When you think of Canadian cities with booming film industries, you’re probably thinking Vancouver, sometimes known as Hollywood North, or Toronto, home of the Toronto international Film Festival. Visitors to the city will be pleasantly surprised to learn that Winnipeg has a healthy film industry and is home to a myriad of wildly creative filmmakers and talent that provide the city with an artistic edge.

This not only attracts indie producers to the city, but also Hollywood types too – The Assassination of Jesse James by the Coward Robert Ford, starring Brad Pitt, was filmed in the ‘Peg in 2006, and so were parts of K19: The Widowmaker, starring Harrison Ford, in 2002. There’s actually a huge list of movies, TV shows, and documentaries that have been filmed in the city (there’s a Wiki page detailing them here).

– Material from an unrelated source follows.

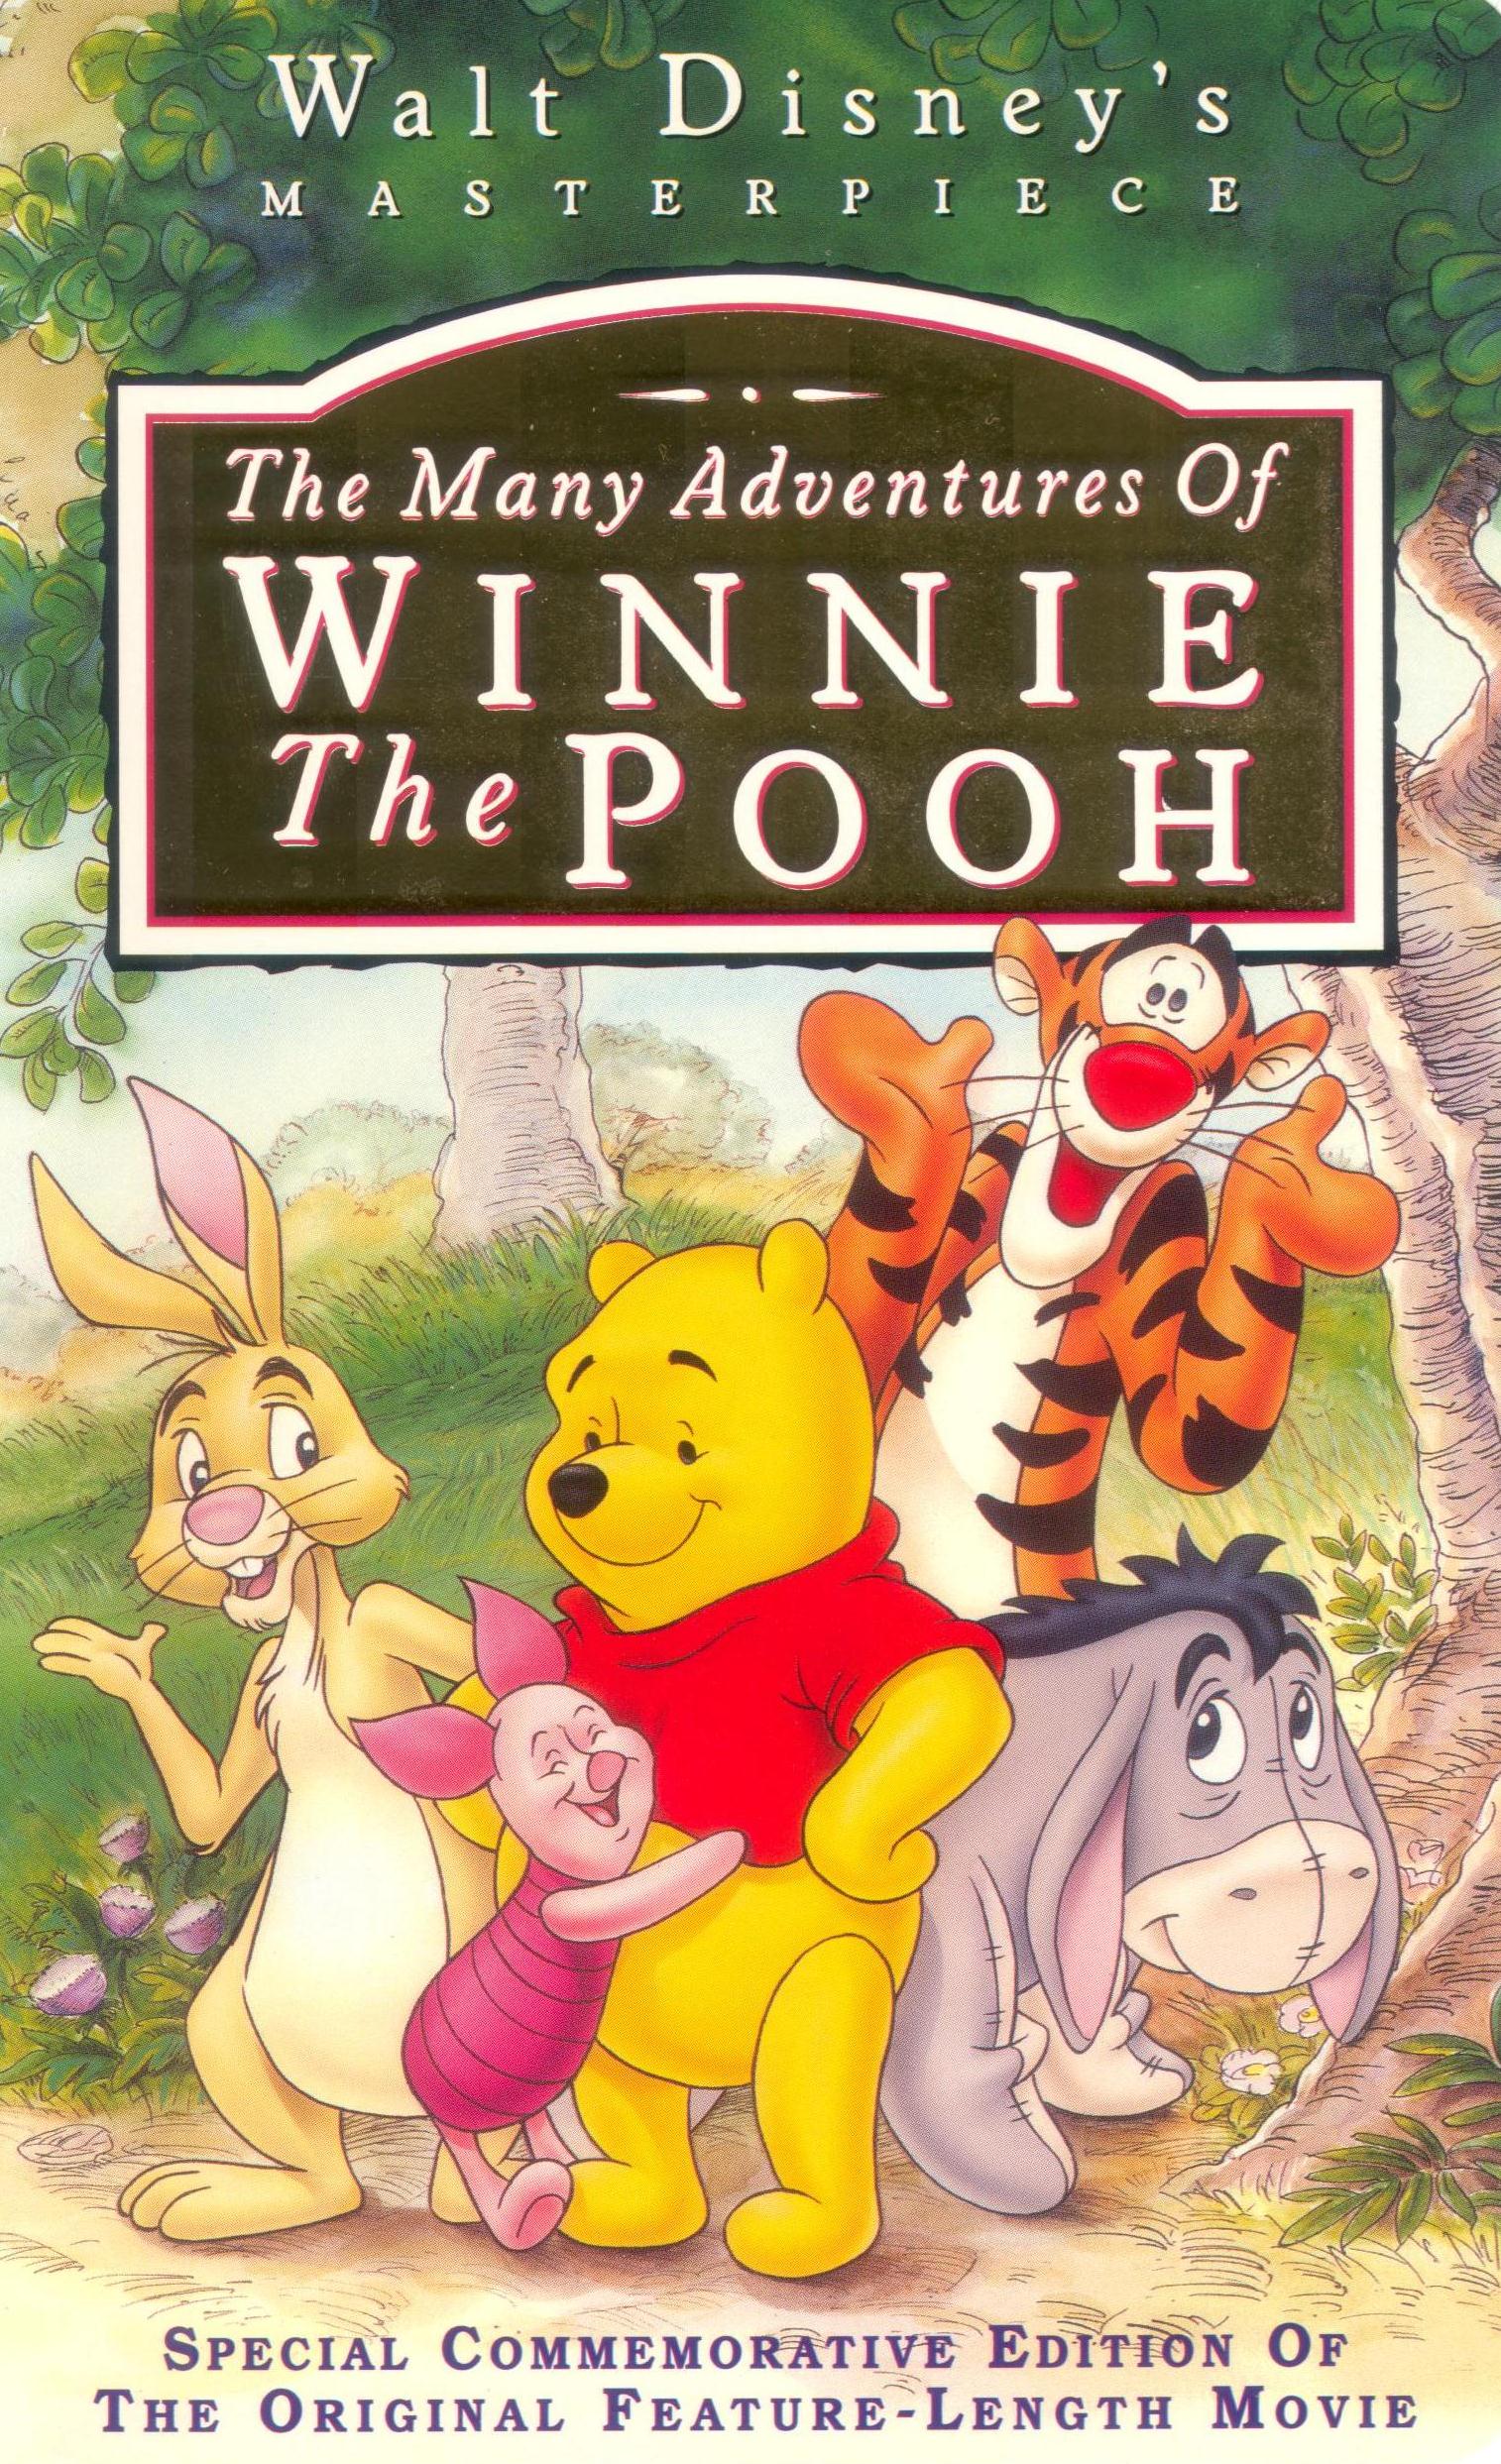 Winnie the pooh adventures. Приключения Винни пух Уолт Дисней. Приключения Винни пуха 1987. Приключения Винни пуха 1977. Винни пух Дисней.

Winnipeg makes a great location for filming not only because of a healthy provincial tax credit to tempt producers, but also because of the huge range of backdrops that it offers. You don’t have to stray far from the city limits to be in stunningly beautiful Canadian wilderness that easily doubles as pretty much anywhere else in the Northern US (and was used as Siberia too in one TV show), and in the city itself there are historic districts that lend themselves perfectly to any period pieces you might need to shoot. (Interestingly, Legends of the Fall was almost shot in the Exchange District, but city officials and local residents refused to allow the filmmakers to remove trees for the shoot, even though they promised to put them back when filming had finished.)

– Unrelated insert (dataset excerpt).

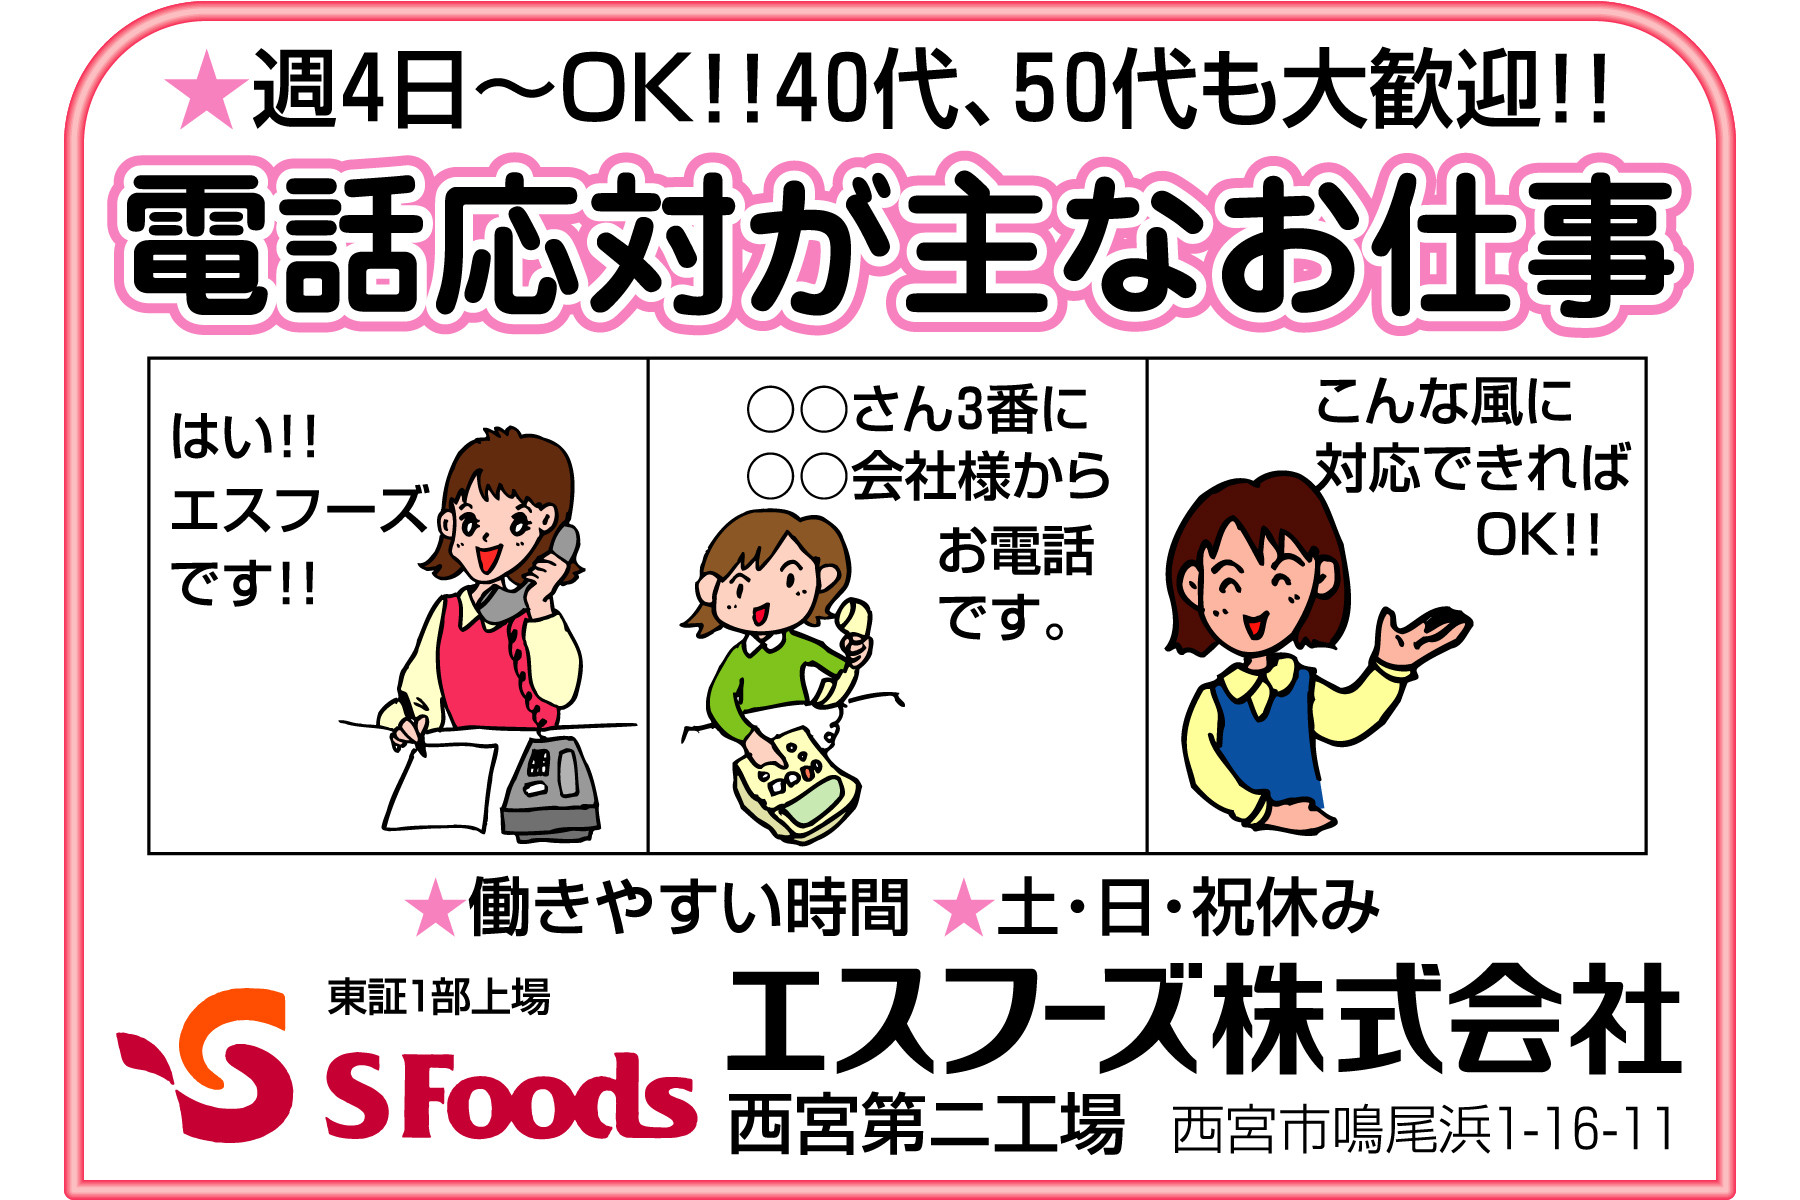 西宮 電話応対 事務 女性歓迎 土日祝休み 求人ふぁいと 西宮を中心とした阪神エリアに特化した求人サービスを実施しております

When it comes to indie movies, there’s a lot of action happening in Winnipeg and has been for more than 30 years. The Winnipeg Film Group was formed in 1974, set out a manifesto to fight the discrimination against Canadian filmmakers and made history. The group has been instrumental in ensuring that more independent Canadian movies are made and distributed, not just ones coming out of Manitoba. Films from this group have shown worldwide, won awards at major film festivals around the world (including Cannes, Venice, and Berlin), and served as an incubator for local talent.

If you’re looking to watch movies, you’ll catch plenty of Winnipeg Film Group’s films at The Cinematheque, the city’s indie cinema, where the group is based. There are also various independent movie and documentary festivals that go on throughout the year and a series of Movies Under the Stars that happens in Memorial Park every summer. So, if you’re a film buff, you’re going to love this city.